Frauenfußball bringt andere, längst vergessene oder in der Entwicklung des Spiels verloren gegangene Facetten wieder zum Vorschein. Spielzüge werden durch das vergleichsweise niedrigere Tempo für Konsumenten etwas nachvollziehbarer, Ideen womöglich dadurch klarer. Auch sind die Partien längst nicht so taktikgeprägt wie bei den Männern, dadurch gewinnen sie zwangsläufig an spielerischer Note. Und: Es wird tatsächlich viel mehr Fußball gespielt. Oder haben Sie bei dieser EM schon eine Schwalbe gesehen, oder eine Spielerin, die sich nach einem harmlosen Foul mit schmerzverzerrtem Gesicht eine halbe Minute lang oder gar noch länger auf dem Rasen wälzt?

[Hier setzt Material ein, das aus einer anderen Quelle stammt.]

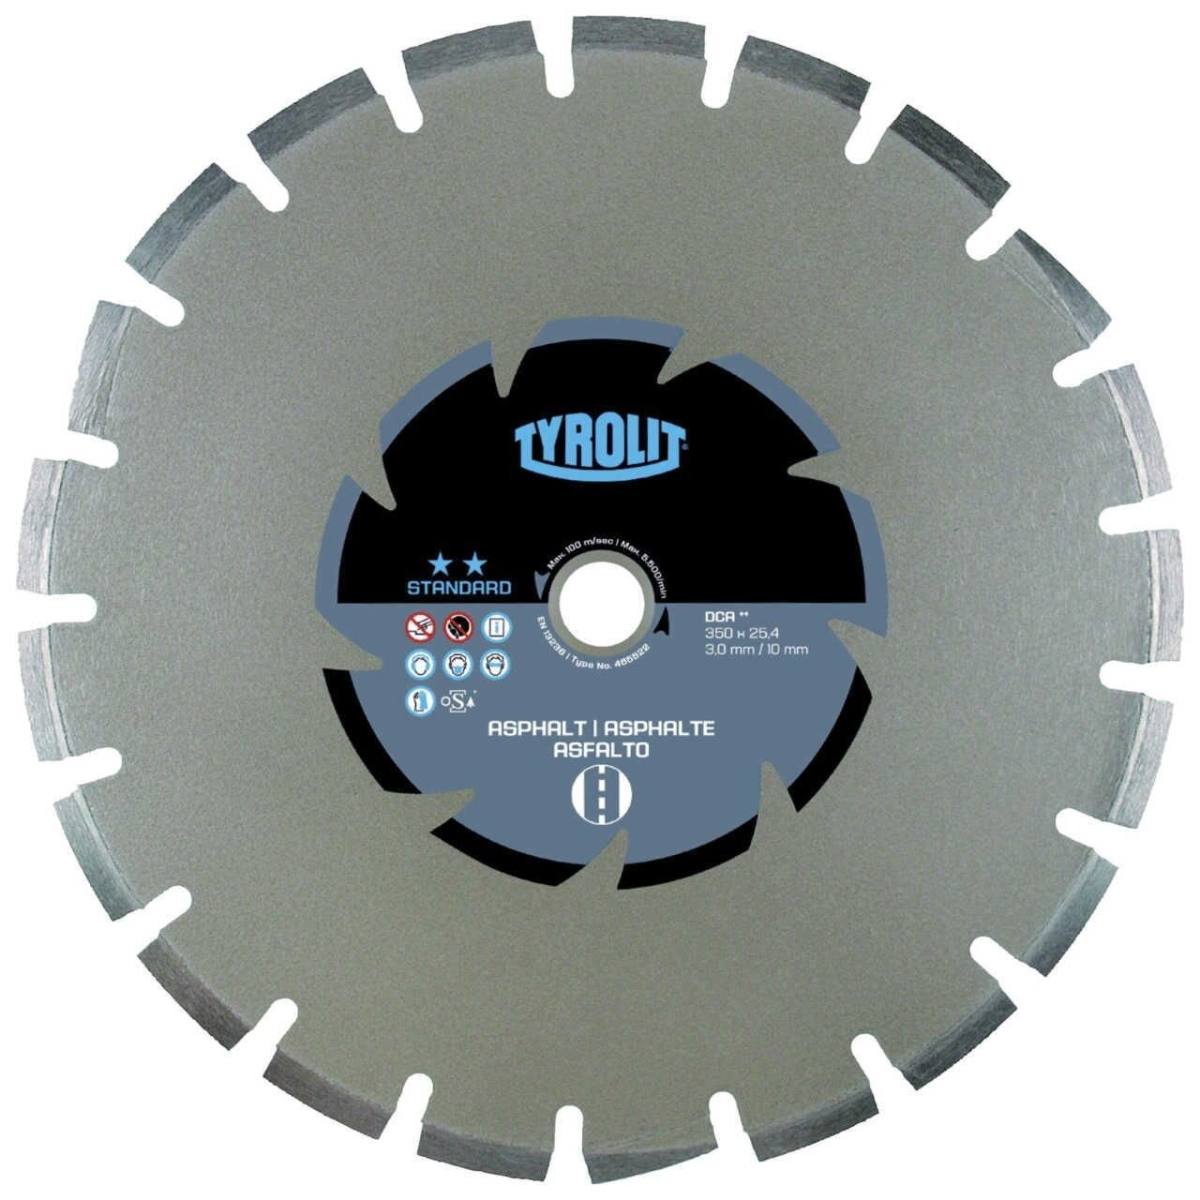 Tyrolit Dry cutting saw blades DxDxH 350x3x25.4 DCA, form: C1SW, No. 34472008 (old No. Art. 465522)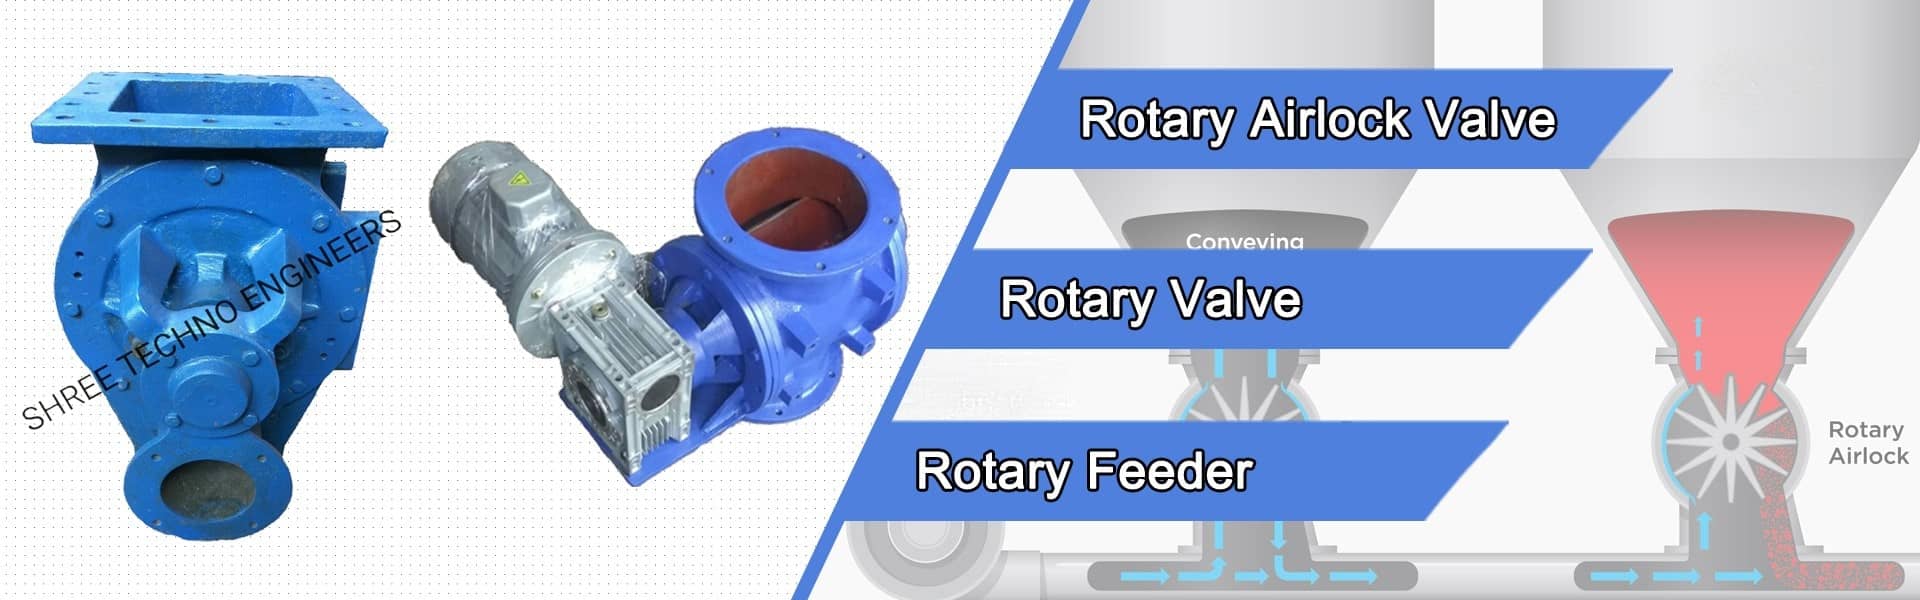 Rotary Airlock Valves

Dem Österreichischen Fußballbund (ÖFB) bietet sich innerhalb eines Jahres zum zweiten Mal die große Möglichkeit, hierzulande festgefahrene Strukturen aufzubrechen, etwas zu bewegen. Die erste Chance wurde kläglich vergeben, aus dem Erreichen der Endrunde 2016 nicht richtig Profit geschlagen. Einzig die Kartenpreise für Heimspiele von David Alaba und Co. beträchtlich zu erhöhen ist ein grotesker, folgenschwerer Ansatz. Es geht vielmehr um das Schaffen nachhaltiger Strukturen; eine international konkurrenzfähige höchste Spielklasse würde nicht nur dem Ansehen des Frauenfußballs in Österreich guttun. Sie würde wohl auch garantieren, dass Österreichs EM-Erfolg kein One-Hit-Wonder bliebe.